Joseph Boggs Beale’s artistic work might not have seemed
significant to me were it not for the fact that a large part of his career was
spent in the employ of the firm of C.W. Briggs (lantern slide makers) producing
drawings to be reproduced as lantern slides. I had a number of Beale slides but
only one of his drawings, a romanticized scene seemingly extolling the virtues
of capitalism with a prosperous boss and his busy workers. I had the lantern
slide produced from the drawing and I liked having both the original drawing
and the slide. I did not know until last year when I had the opportunity to buy
some other Beale drawings that this drawing was from a temperance series called
“A Drunkard’s Reform”. The drawing was not meant, as I had formerly imagined,
to be about the rewards of capitalism but rather the return to honest labor and
promotion to foreman of a man almost ruined by drink. I have grown in my appreciation
of Beale’s work and been fortunate enough to add several pieces to my
collection in the last two years.
Who was Joseph Boggs Beale (1841-1926)?

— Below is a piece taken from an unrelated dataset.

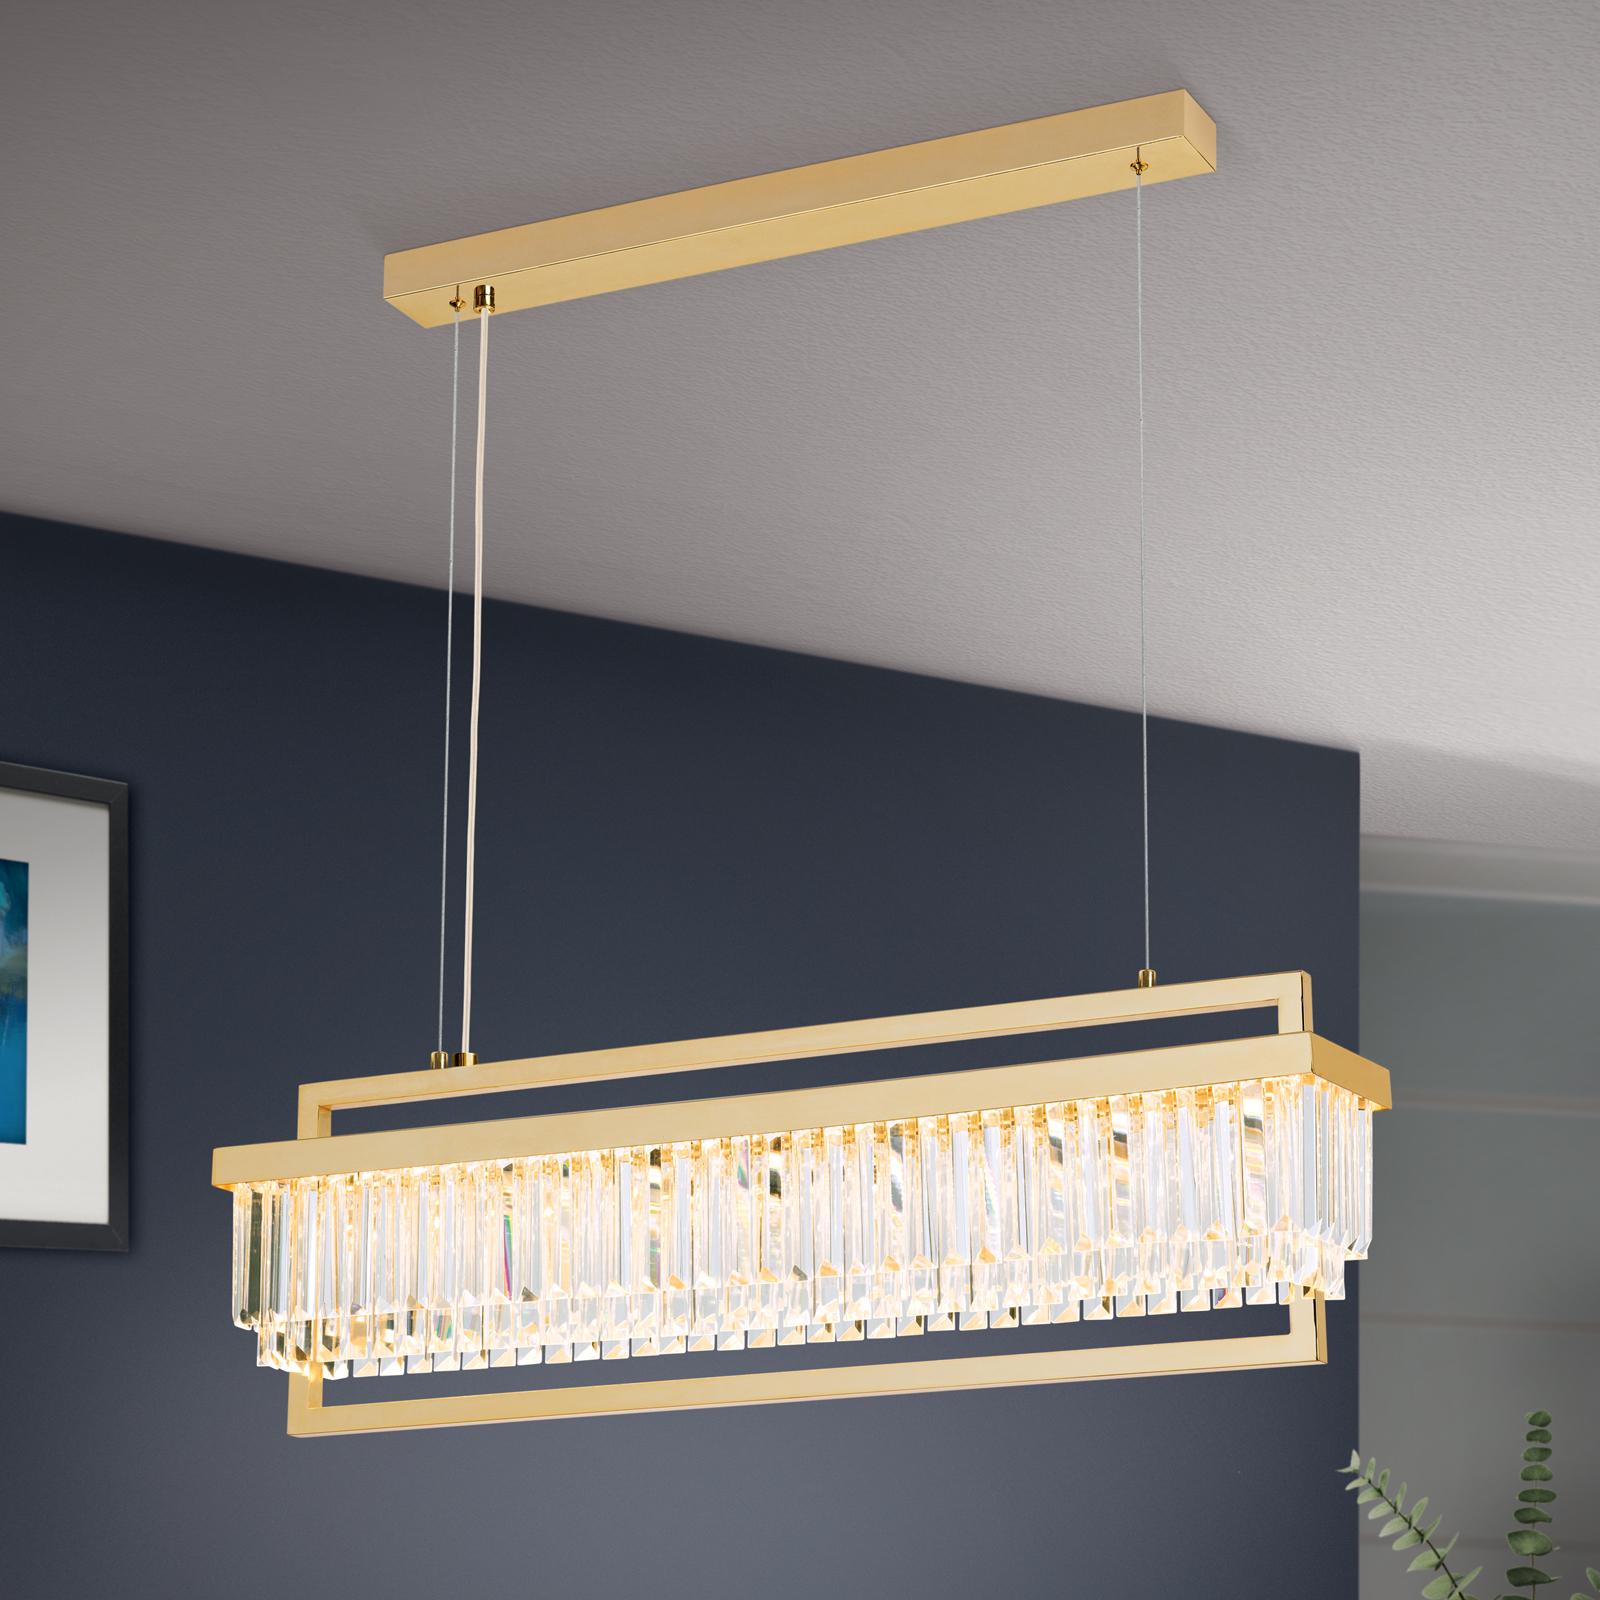 Lampa wisząca LED Prism, podłużna, złota

He was, a largely unremembered
Philadelphia artist who worked in the last half of the 19th century and the
beginning of the 20th century. He
worked for a variety of publications including Frank Leslie's Weekly, Harper's,
and the Daily Graphic before going on to work for C.W. Briggs. Between
1881-1915 he made more than 2000 drawings which were reproduced as magic
lantern slides. His drawings, and the slides that were produced from them, covered
an amazingly wide view of American life. His work included Bible Stories,
Popular Literature, History, Temperance, Folk Tales and Comic Scenes. A partial list of his work would
include Pilgrim’s Progress, Marley’s Ghost, Paul Revere’s Ride, The Life of Lincoln,
Yankee Doodle, The Star Spangled Banner The Raven, Hiawatha, Uncle Tom’s Cabin,
A Christmas Carol and The Night Before Christmas.
In 1940 Life magazine did a piece on Beale that served to mark
a slight resurgence of interest in his work. The article referred to Beale as America’s
foremost magic lantern painter, not that there was much competition or
recognition for such a title. Terry Borton, the proprietor of the American
Magic-Lantern Theater, has for the past twenty years tirelessly promoted Beale’s
work and used slides based on Beale’s drawings for his magic lantern shows. Terry
and his wife Debbie have finished the manuscript of a soon to be published book
about Beale and his work entitled Before The Movies which will undoubtedly add
greatly to the awareness of Beale as an artist of American life and history.
Although Beale worked well into the 20th century his artistic
style is firmly planted in the 19th century with a kind of heroic grandiosity
and unbridled optimism. Some of
Beale’s drawings seem overly sweet and others sadly capture a stereotyping
common at the end of the 19th century. The best of Beale’s drawings catch grand
figures caught in melodramatic
moments and are packed with detail. They are worth a look and my collection of
Beale material is now up on my site.